Employment counselors say education is still a good field for jobs, as well as new jobs in security and jobs relating to foreclosures. And if all else fails, there are always temp jobs or seasonal work available.

Many experts advise, especially to young people, to float their résumés everywhere. That is, unless the résumé is full of errors or misspellings. Counselors recommend double-checking everything before sending to potential employers, to use the Internet as a tool but not the only job-seeking resource, to be businesslike and follow up on everything.

Where does that leave you?
Judy Office, who runs the Blue Ash-based personal and professional coaching business Inner Summit (www.innersummit.com), tells some clients to turn off the news, which is full of negativity, in order to keep from getting depressed about the dismal job market.

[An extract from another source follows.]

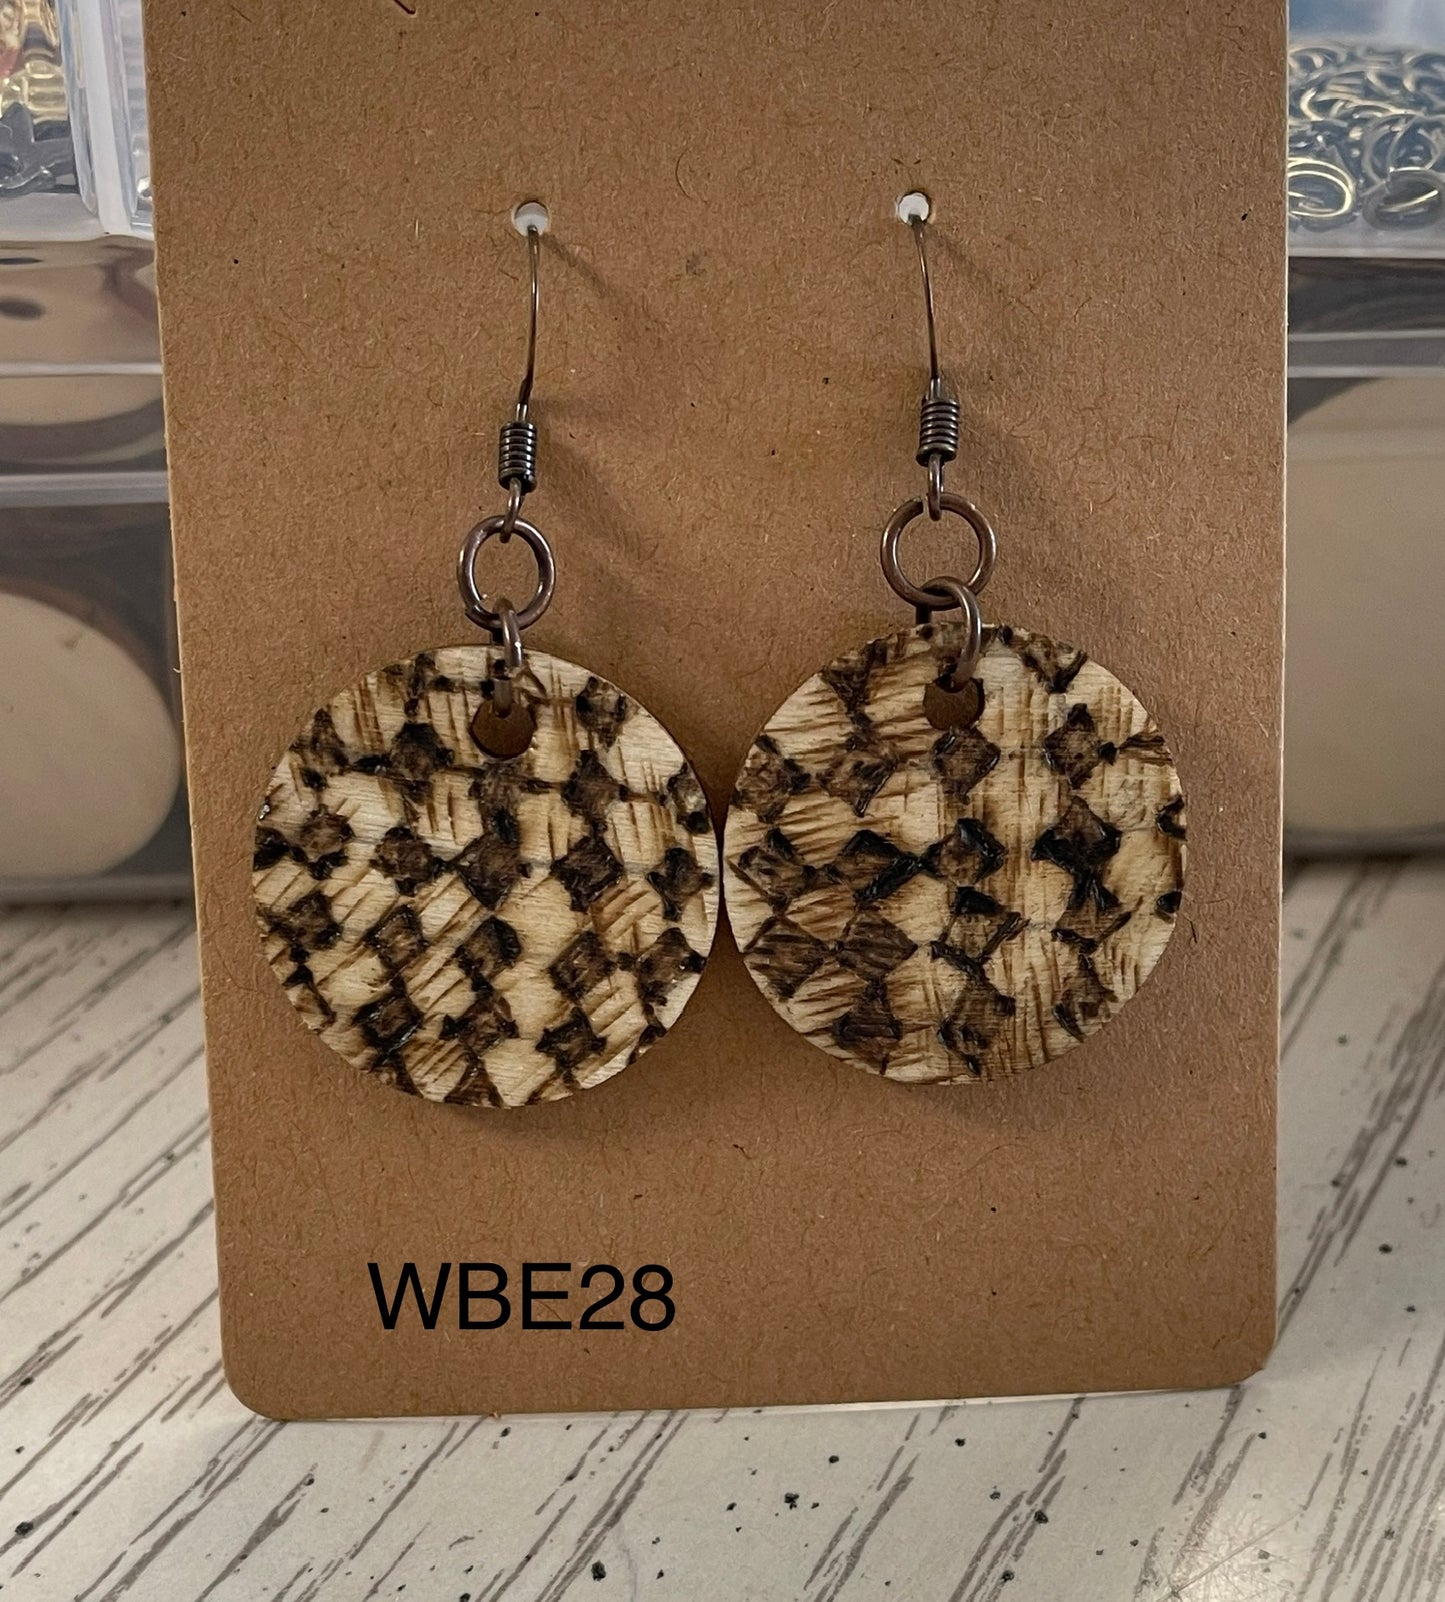 Wood burn diamond pattern earrings WBE28

“It’s not that you remain ignorant,” she says. “But know you have confidence in yourself.”

The key component in landing a dream job or reinventing yourself into a career you want is to identify your strengths and do more than settle for anything. Determine what you love to do and focus on that.

That’s what worked for Brittany Ballard.

The Internet job boards and social networking were great. But her success came from following her passion for mission-based work and meeting with people face-to-face.

“It was a lot of work,” Ballard says of job seeking. “I’m not sure a lot of people get that.”

But the ones who do get it are one step ahead of the job seekers still sitting in their pajamas in front of their computer screens. They’re the ones getting hired.